The wooden Sailfish began as the 11-foot, 7 1/2-inch (3.5 m) "Standard" model. Shortly after its inception a larger, 13-foot, 7-inch (4.2 m) "Super" model was made available. In the early years the spars were made from Sitka spruce and the sail was silk. Historic photos show sails with as many as 10 panels and even small battens inserted. Sails in those days were lashed to the spars with line in the traditional manner with a marlin hitch instead of being attached by the plastic sail clips that became another familiar characteristic of this boat in later years. One of Alcort's first innovations for the Sailfish was to create a patented rudder releasing mechanism that automatically released the rudder into a horizontal position for easy beaching. By the late 1950s the option of either a nylon or Dacron polyester sail in solid colors of red or blue became available to complement the previous white only sail.
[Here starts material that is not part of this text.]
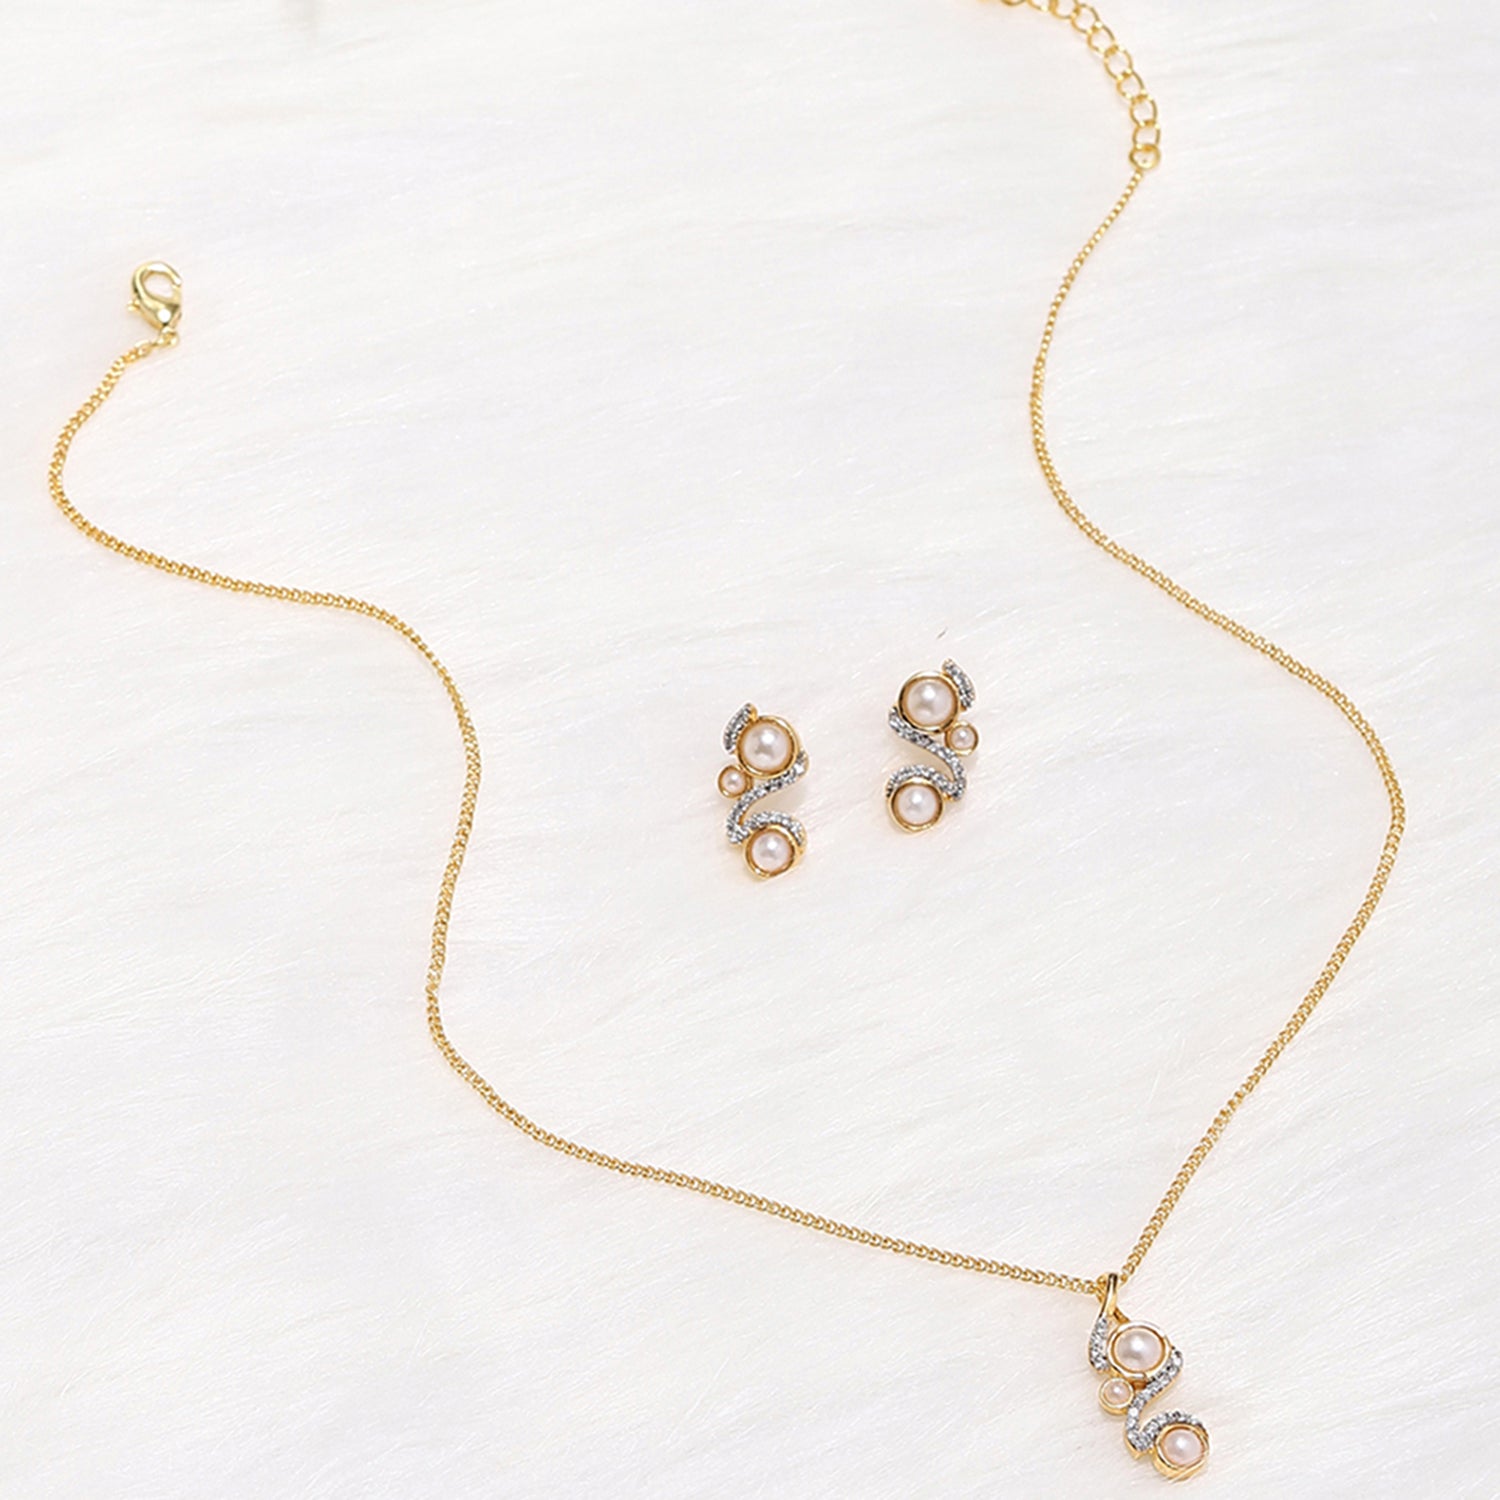 22K Gold Necklace & Drop Earrings set - 235-GS846 in 18.650 Grams
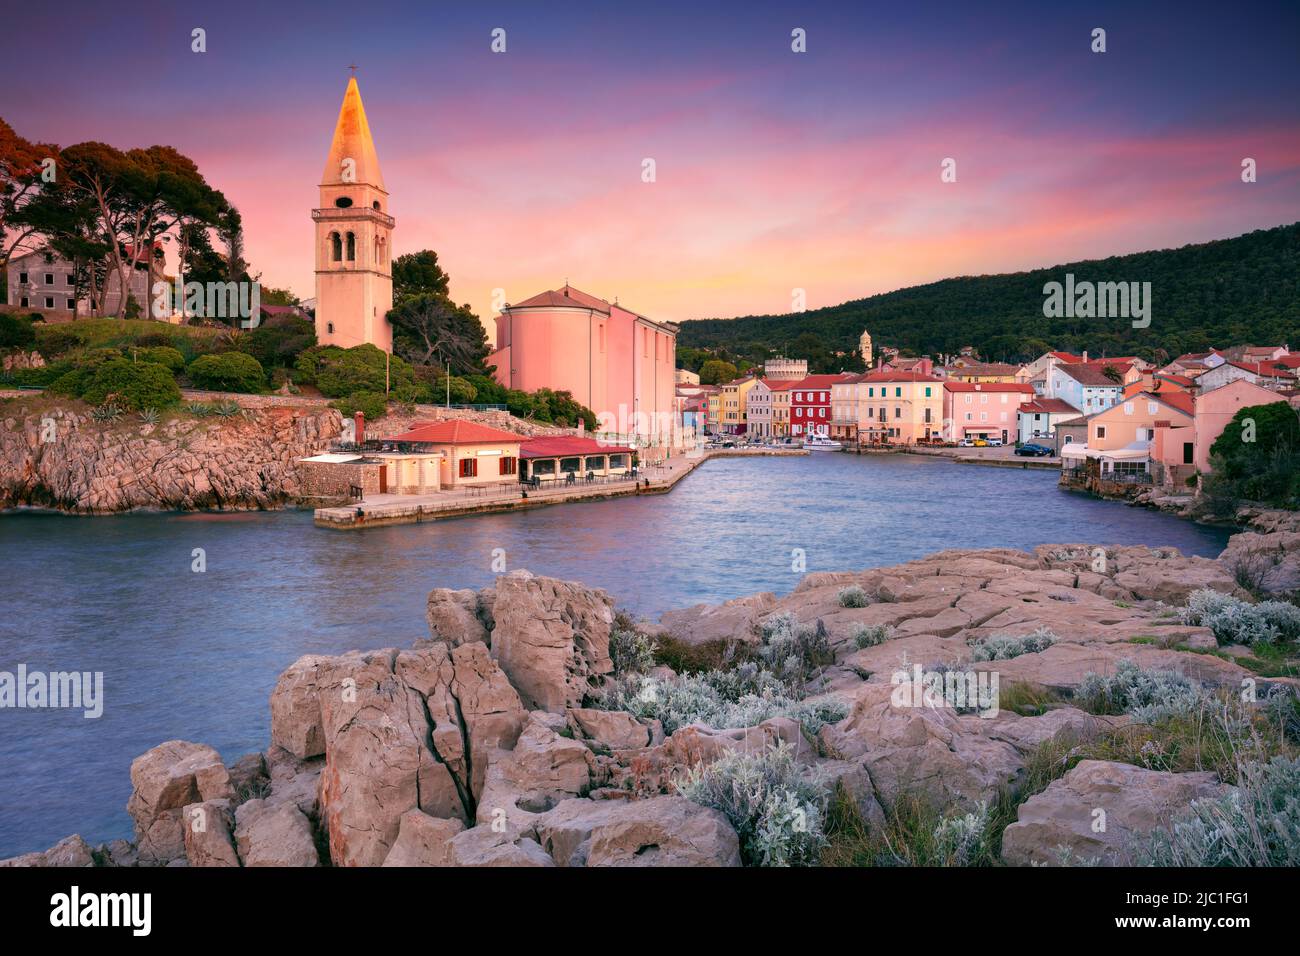 Mali Losinj, Insel Cres, Kroatien. Stadtbild des ikonischen Dorfes Mali Losinj, Kroatien auf der Insel Cres bei Sonnenuntergang. Stockfoto

In 1959 the fiberglass 13-foot, 8-inch (4.2 m) hull Super Sailfish MK-II model was added to the lineup. The MK-II sported an aluminum mast and spars. The deck was available in red, white, blue, green, and yellow, with a five-panel Dacron sail in alternating panel colors to match the boat's deck color.

Not long after the fiberglass MK-II came on board Alcort stopped supplying the factory assembled wood models. However, according to the sales brochures, the wood boats continued to be available in kit form long into the 1960s.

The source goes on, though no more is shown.